[YOUR TASK]: Here are the records. Write out exactly the lines between the one holding "Kho đồng hồ" and the one holding "Убираем лишнюю химию", inclusive.

[EXTRACTED ENTRIES]:

★ ★ ★

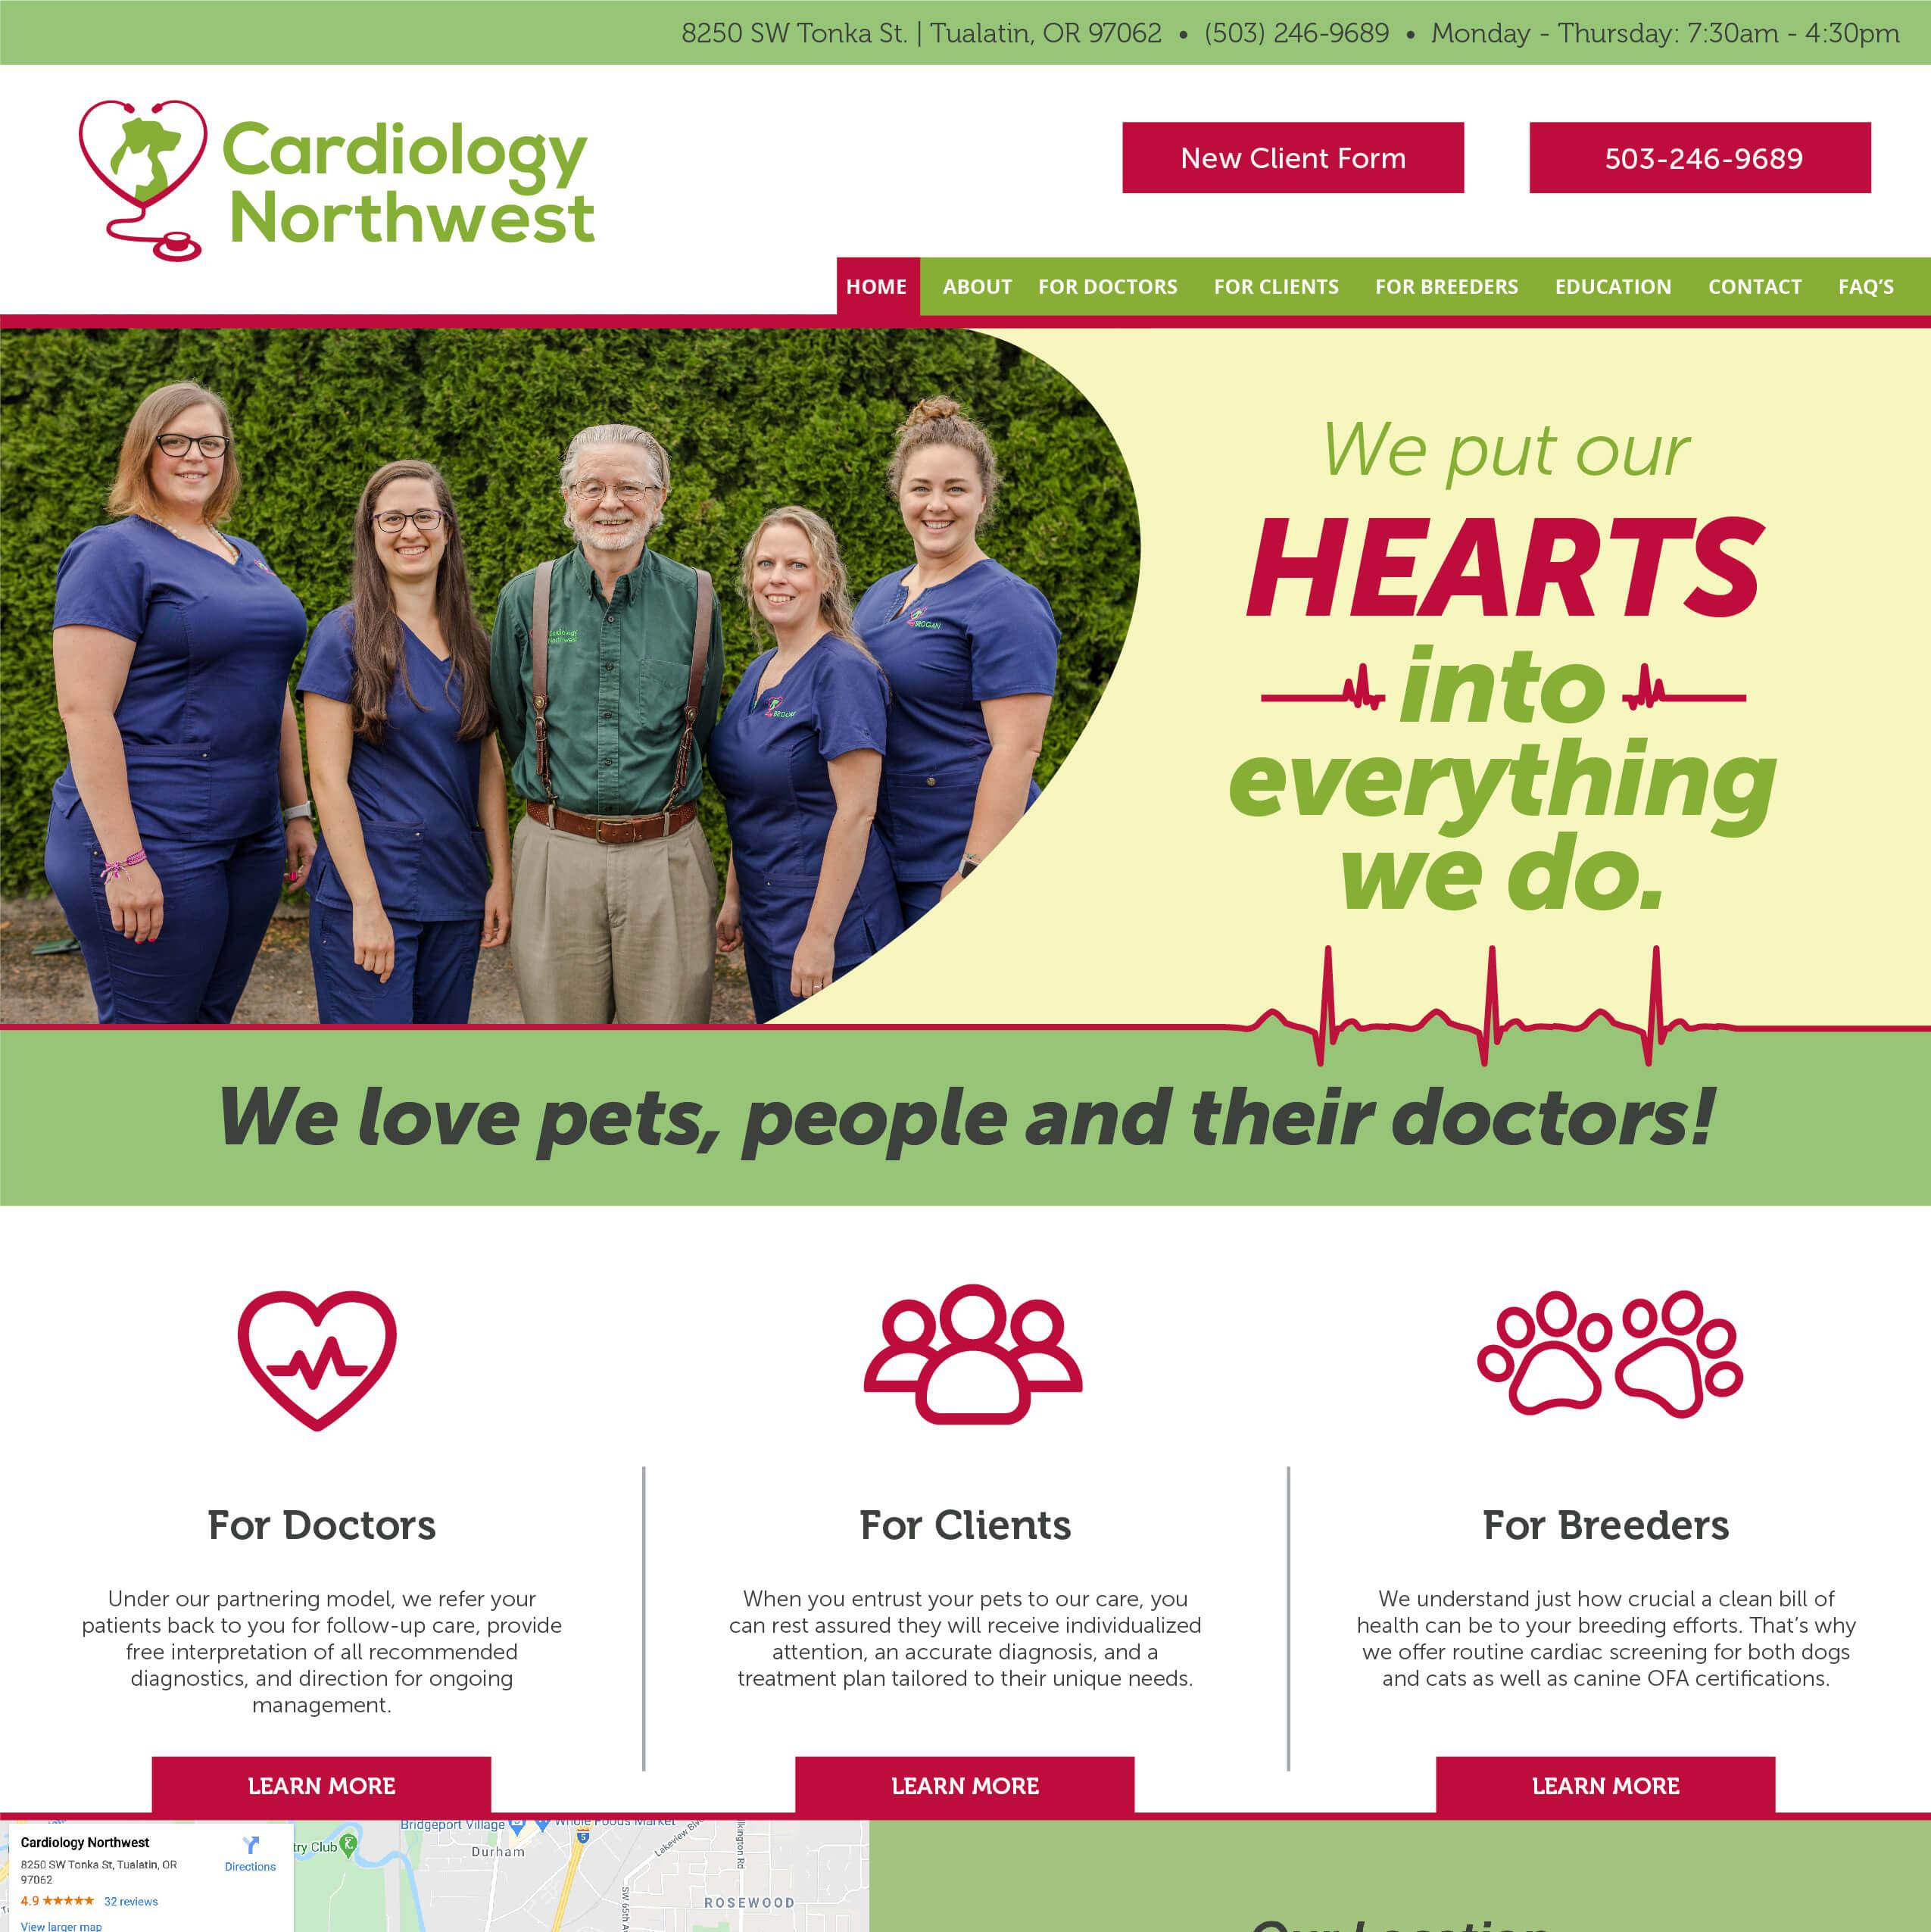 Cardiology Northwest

★ ★ ★

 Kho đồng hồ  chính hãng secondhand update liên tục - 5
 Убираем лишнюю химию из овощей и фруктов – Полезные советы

★ ★ ★

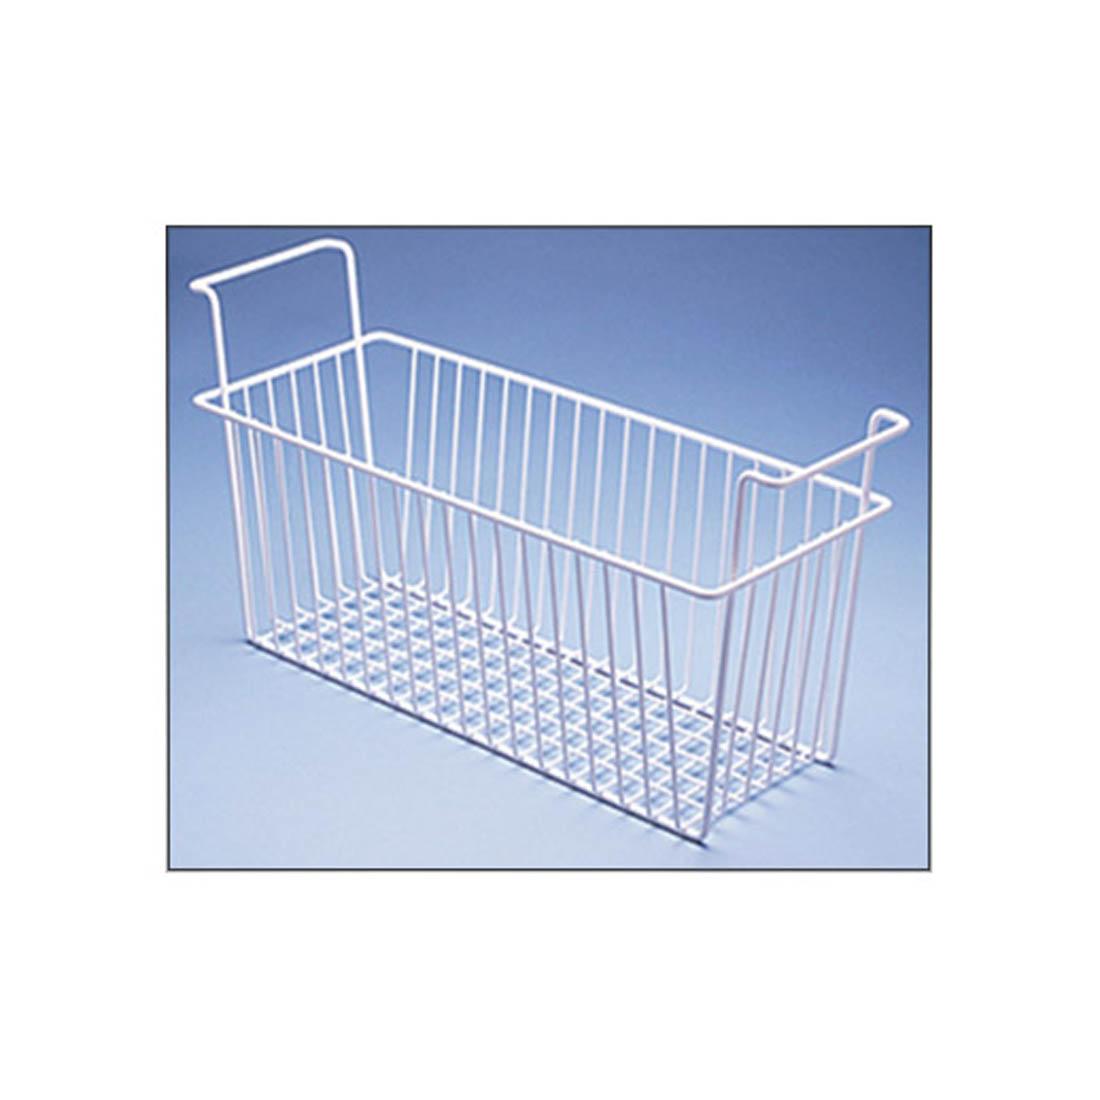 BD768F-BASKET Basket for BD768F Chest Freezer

★ ★ ★

[RESULT]:
 Kho đồng hồ  chính hãng secondhand update liên tục - 5
 Убираем лишнюю химию из овощей и фруктов – Полезные советы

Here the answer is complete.